Истинный Ташкент устраивает свою храмину в нравах и в сердце человека. Всякий, кто видит в семейном очаге своего ближнего не огражденное место, а арену для веселонравных похождений, есть ташкентец; всякий, кто в физиономии своего ближнего видит не образ божий, а ток, на котором может во всякое время молотить кулаками, есть ташкентец; всякий, кто, не стесняясь, швыряет своим ближним, как неодушевленною вещью, кто видит в нем лишь материал, на котором можно удовлетворять всевозможным проказливым движениям, есть ташкентец. Человек, рассуждающий, что вселенная есть не что иное, как выморочное пространство, существующее для того, чтоб на нем можно было плевать во все стороны, есть ташкентец…
Нравы создают Ташкент на всяком месте; бывают в жизни обществ минуты, когда Ташкент насильно стучится в каждую дверь и становится на неизбежную очередь для всякого существования. Это в особенности чувствуется в эпохи, которые условлено называть переходными. Может быть, именно чувствуется потому, что в подобные минуты рядом с Ташкентом уже зарождается нечто похожее на гражданственность, нечто напоминающее человеку на возможность располагать своими движениями… потихоньку, милостивые государи! потихоньку! Может быть, это «нечто зарождающееся», «нечто намекающее» и делает особенно нестерпимою боль при виде все-таки прямо стоящего Ташкента? Действительно, все это очень возможно; но что же кому за дело до этого! Разве объяснения утешают кого-нибудь? разве они умаляют хоть на каплю переполняющую сердце горечь? Я знаю одно: что никогда, даже в самые глухие, печальные исторические эпохи нельзя себе представить такого количества людей отчаявшихся, людей, махнувших рукою, сколько их видится в эпохи переходные. И рядом с этими отчаявшимися сколько людей, все позабывших, все в себе умертвивших… все, кроме бесконечного аппетита!

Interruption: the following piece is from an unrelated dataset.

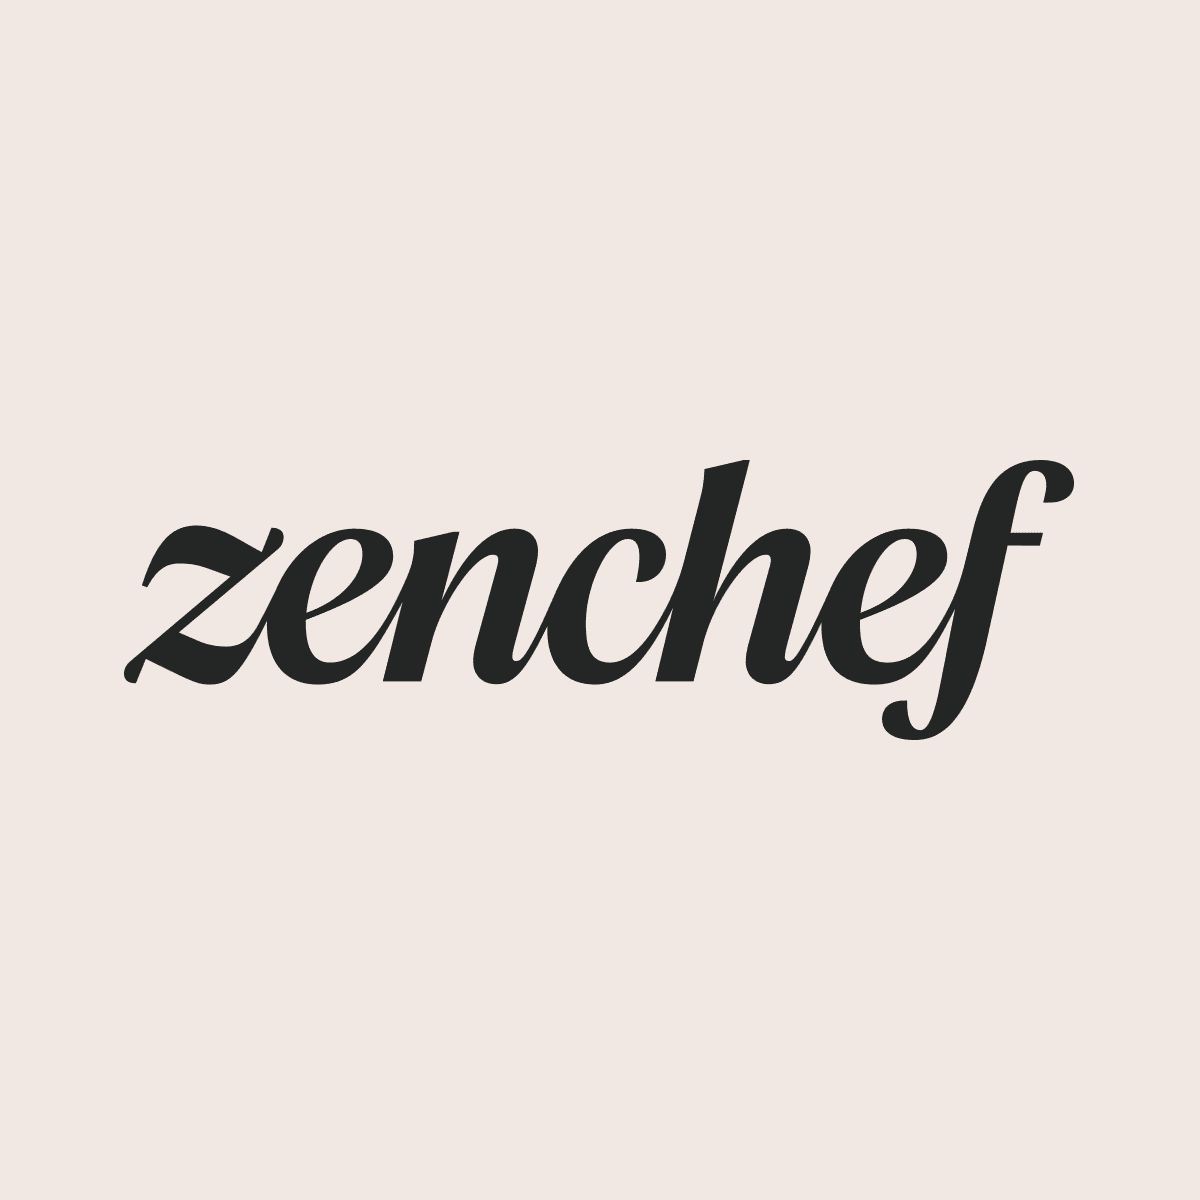 ZENCHEF

Я, конечно, был бы очень рад, если б мог, начиная этот ряд характеристик, сказать: читатель! смотри, вот издыхающий Ташкент! но, увы! я не имею в запасе даже этого утешения! Конечно, я знаю, что есть какой-то Ташкент, который умирает, но в то же время знаю, что есть и Ташкент, который нарождается вновь. Эта преемственность Ташкентов, поистине, путает меня. Везде шаткость, везде сюрприз. Я вижу людей, работающих в пользу идей несомненно скверных и опасных и сопровождающих свою работу возгласом: «Пади! задавлю!» и вижу людей, работающих в пользу идей справедливых и полезных, но тоже сопровождающих свою работу возгласом: «пади! задавлю!» Я не вижу рамок, тех драгоценных рамок, в которых хорошее могло бы упразднять дурное без заушений, без возгласов, обещающих задавить. Мне скажут на это: всему причиной Ташкент древний, Ташкент установившийся и окрепший*. Пожалуй, я и на это согласен. Что Ташкент порождает Ташкент — в этом нет ничего невероятного, но ведь это только доказывает, что и пессимисты, усматривающие в будущем достаточно длинный ряд Ташкентов, тоже не совсем неправы в своей безнадежности. Утешительного в этом объяснении немного.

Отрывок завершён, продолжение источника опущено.